▸ Work item
From the listing below, copy only the lines from the line that contains "Women's - Adulting, Not" to the line that contains "Image of 7/8 Pro 365 Tights", counting those two lines as part of the copy.

▸ Record excerpts
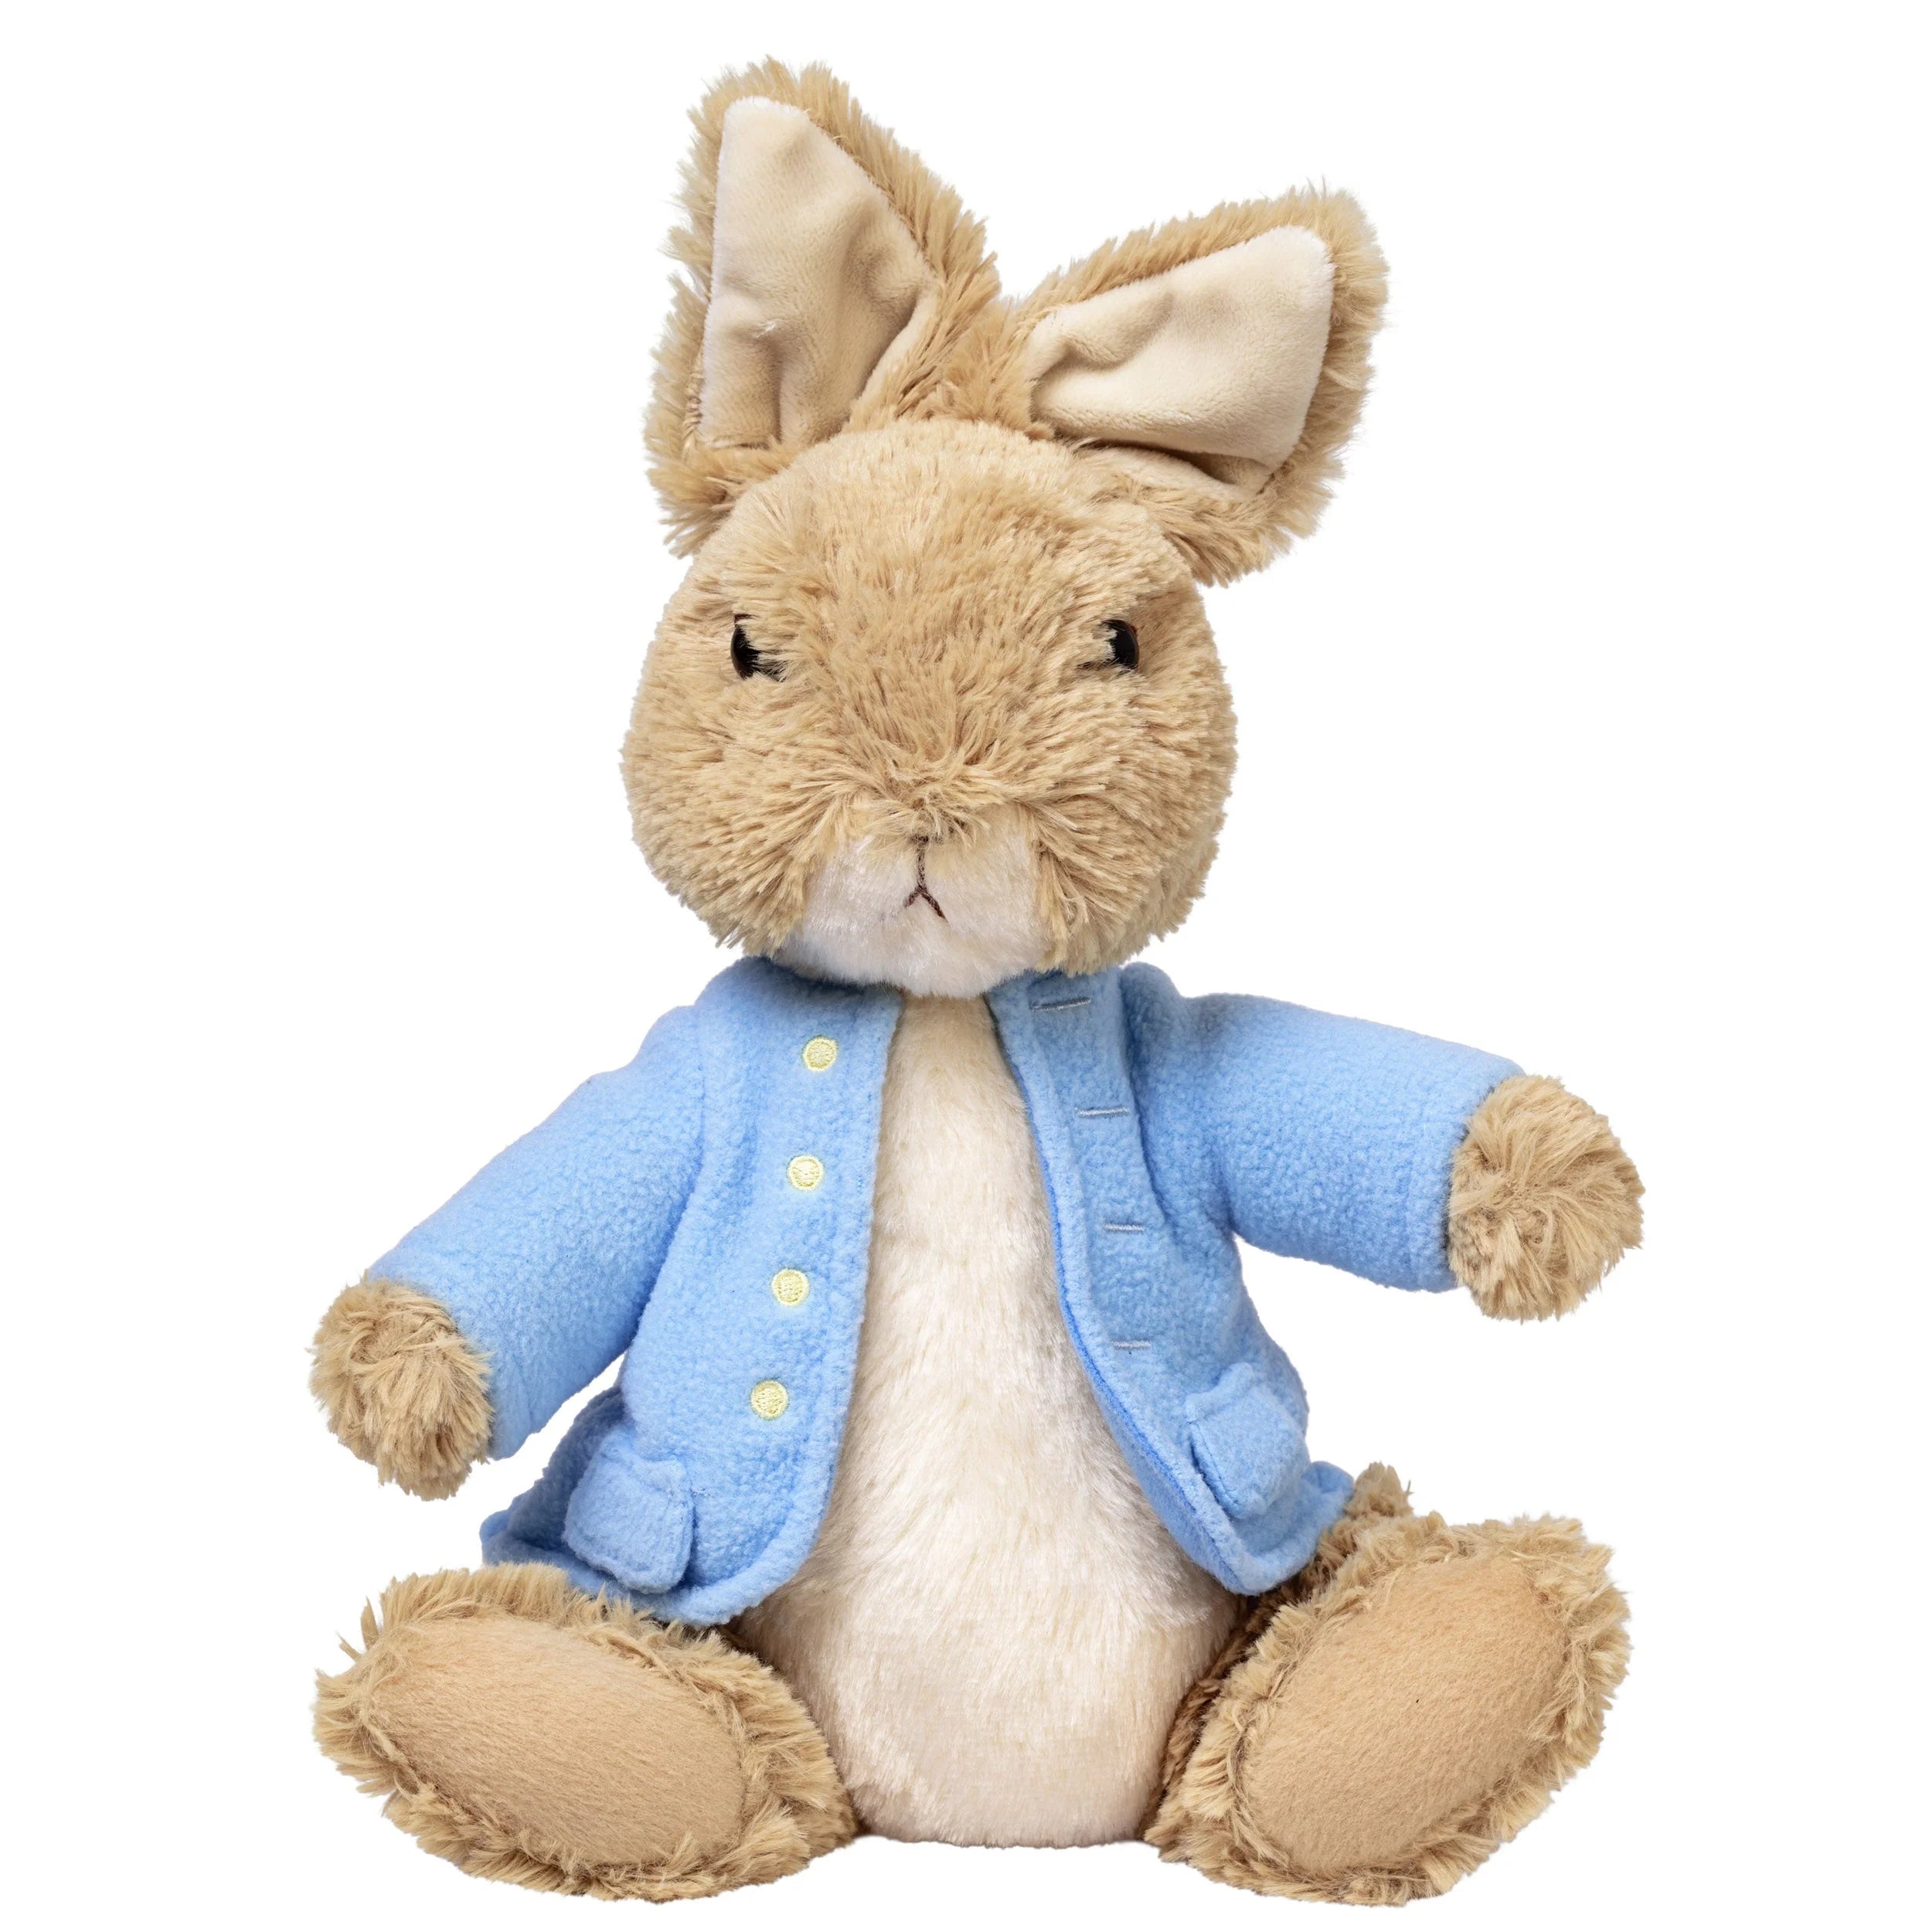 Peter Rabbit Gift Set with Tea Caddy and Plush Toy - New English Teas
---
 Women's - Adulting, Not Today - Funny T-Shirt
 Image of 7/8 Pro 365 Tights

▸ Exercise solution
 Women's - Adulting, Not Today - Funny T-Shirt
 Image of 7/8 Pro 365 Tights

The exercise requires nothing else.